Make a Log Pile for Stag Beetles & More Garden Wildlife

Gardens can serve as sanctuaries for an array of fascinating creatures. By constructing a simple log pile, you can turn your garden into a bustling hub of biodiversity. Here’s how to do it right, ensuring your garden benefits both visually and ecologically.

Benefits of a Log Pile

At its essence, a log pile is a multi-tiered sanctuary for various garden inhabitants. Ranging from invertebrates and amphibians to small mammals, these creatures find solace in the damp nooks and crannies a log pile offers. As the wood decays over time, it attracts an even greater range of wildlife, adding layers of life to your garden.

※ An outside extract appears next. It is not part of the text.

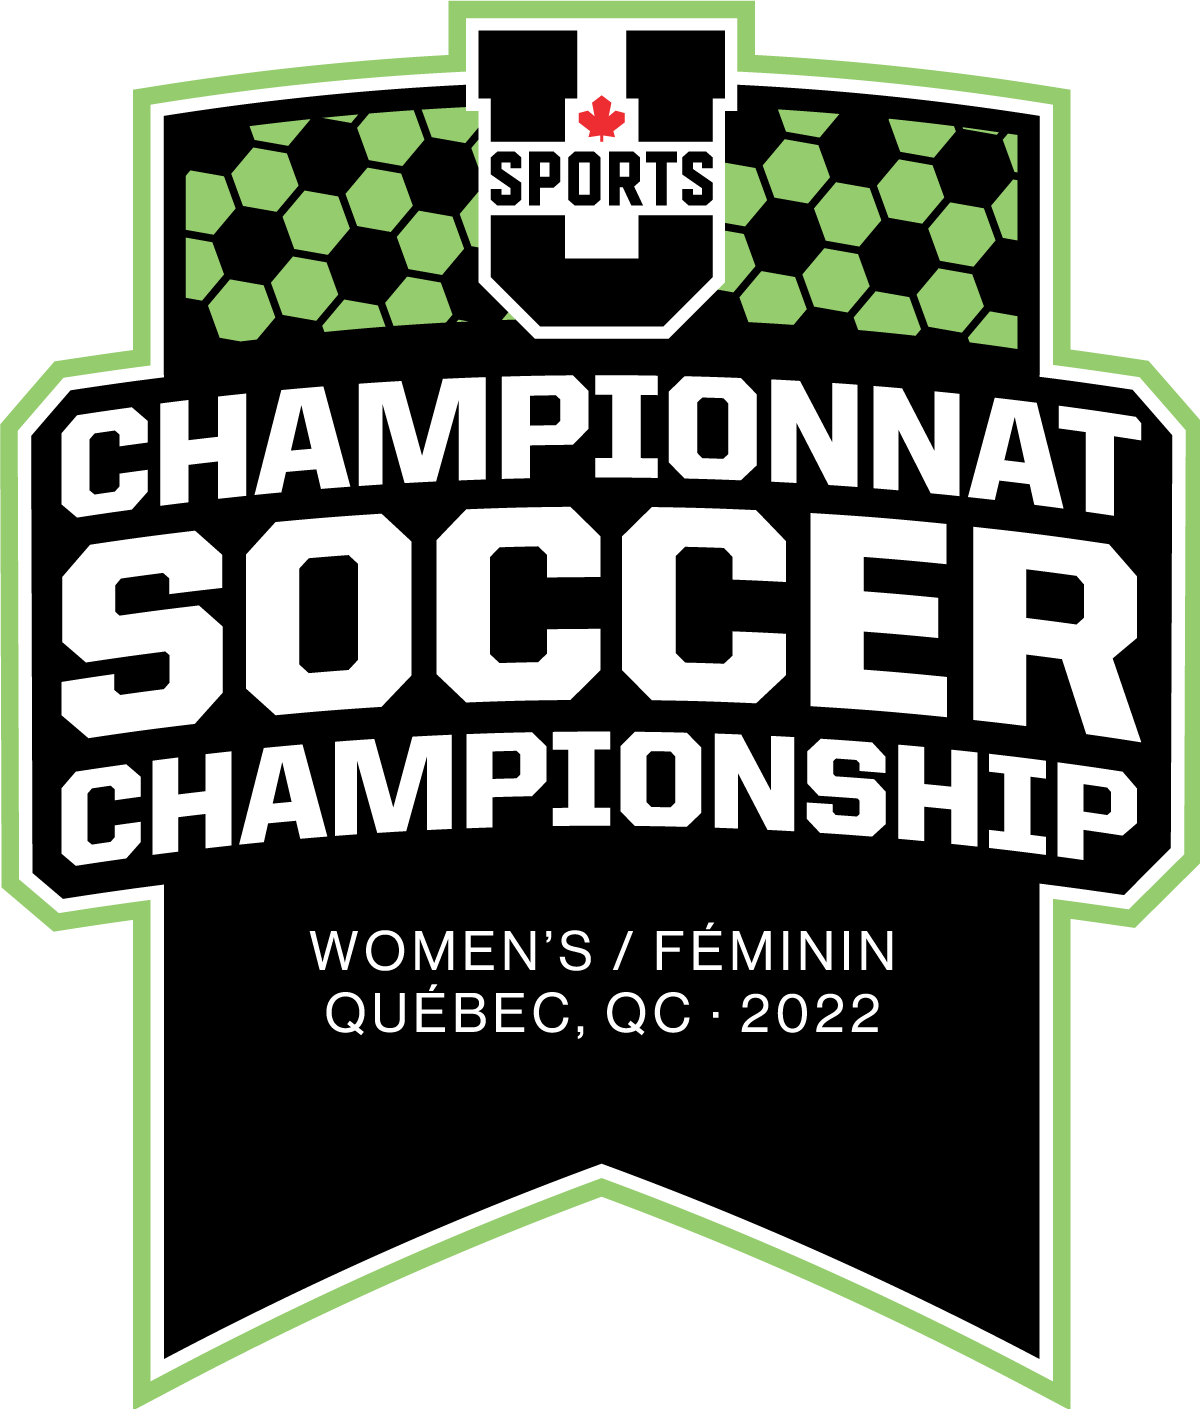 USports_Champ2223_SoccerW_Primary_CMYK_BL.png (85 KB)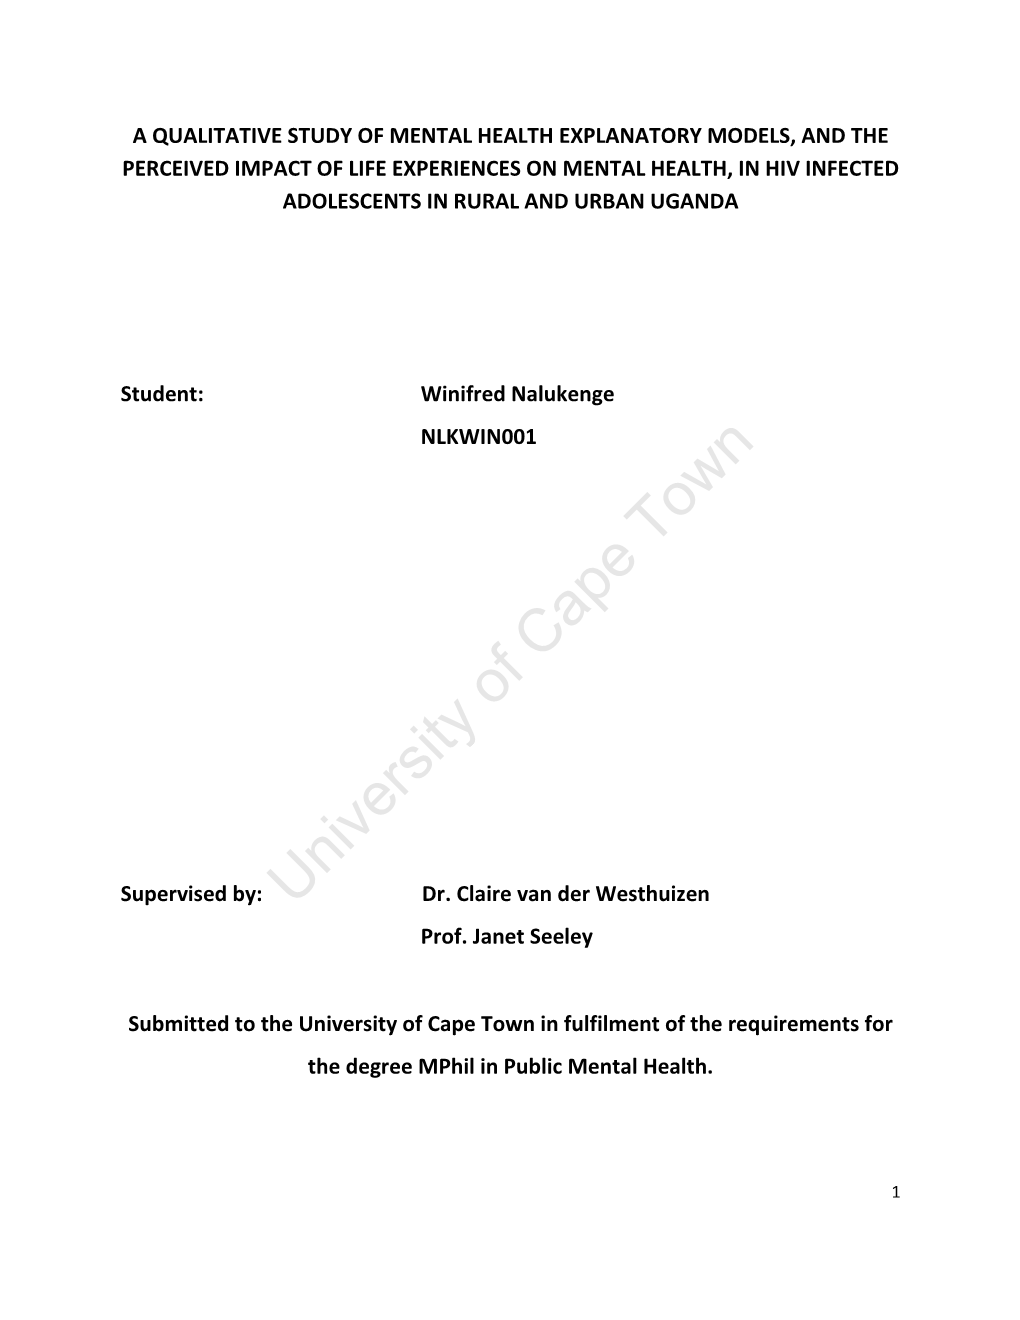 A Qualitative Study of Mental Health Explanatory Models, and The

Constructing Your Log Pile

Materials Required:

  • Logs
  • Sticks
  • Dry leaves
  • Loose bark


  1. Select the Ideal Location: Choose a damp, shaded spot in your garden. Moisture and shade are essential for creating the perfect habitat.
  2. Lay the Foundation: Start by laying down a base layer of logs.
  3. Stabilise with Sticks: Push sturdy sticks into the ground on both sides of your base logs. This prevents them from rolling.
  4. Add Insulation: Fill the gaps between your logs with dry leaves.
  5. Layer with Bark: Introduce a layer of loose bark.
  6. Build it Up: Continue layering logs, sticks, bark, and leaves. Aim for a pyramid shape for maximum stability, ensuring the heaviest logs are at the bottom.
  7. Keep it Hydrated: Water your log pile during dry periods to maintain its dampness.

Enhancing Your Log Pile

  • Source Responsibly: When getting logs, use pruned branches or ask neighbours for offcuts. Avoid taking from natural habitats as this may disrupt existing ecosystems.
  • Beautify with Plants: Encourage shade-loving plants like primroses and ferns to grow around your log pile. This offers more shelter and adds aesthetic appeal.
  • Submerge the Base: For a more diverse habitat, consider burying the initial layer of logs slightly.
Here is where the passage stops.